The U.S. Labor
Department announced on Friday that nonfarm payrolls increased by 136,000 in
September after an upwardly revised 168,000 gain in the prior month (originally
an increase of 130,000).
According to the report, employment rose in health care (+39,000 jobs), professional and business services (+34,000) and transportation and warehousing (+16,000). Employment in government also continued on an upward trend in September (+22,000). Meanwhile, retail trade employment edged down in September (-11,000). Employment in other major industries, including mining, construction, manufacturing, wholesale trade, information, financial activities, and leisure and hospitality, showed little change over the month.
The unemployment rate fell to 3.5 percent in September from 3.7 percent in August. That was the lowest level since December 1969.
Economists had forecast 145,000 new jobs and the jobless rate to stay at 3.7 percent.

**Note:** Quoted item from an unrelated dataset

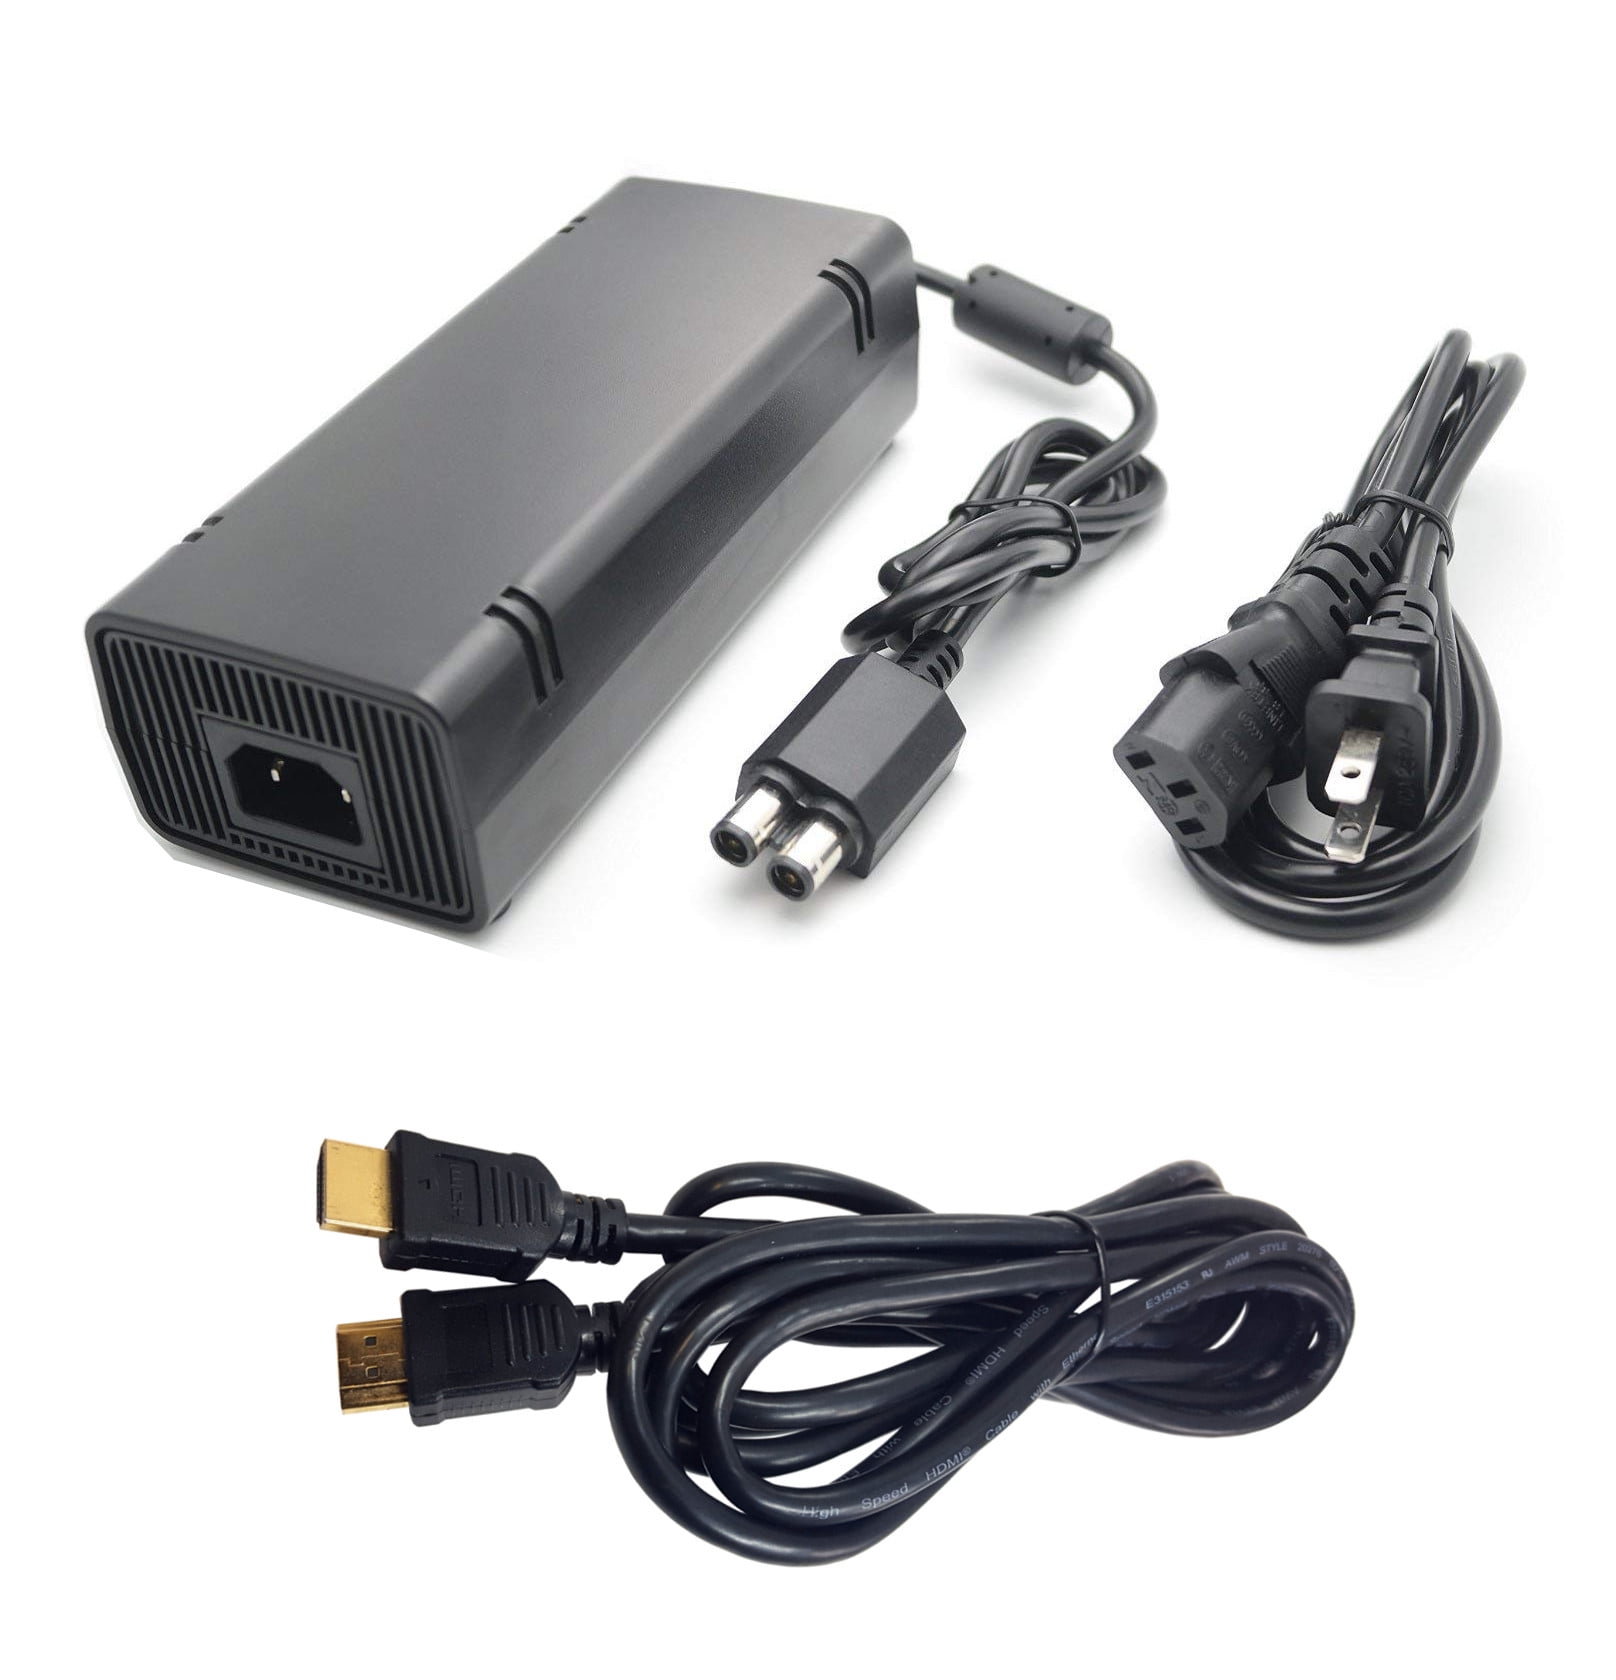 Microsoft Xbox 360 E 250GB Video Gaming Console Black With HDMI

The labor force participation rate was unchanged m-o-m at 63.2 percent in September, while hourly earnings for private-sector workers were little-changed m-o-m (-1 cent) at $28.09, following an unrevised 0.4 percent m-o-m gain in August. Economists had forecast a 0.3 percent m-o-m advance in the average hourly earnings. Over the year, average hourly earnings have increased by 2.9 percent, following an unrevised 3.2 percent rise in August.
The average workweek remained unchanged at 34.4 hours in September, matching economists’ forecast.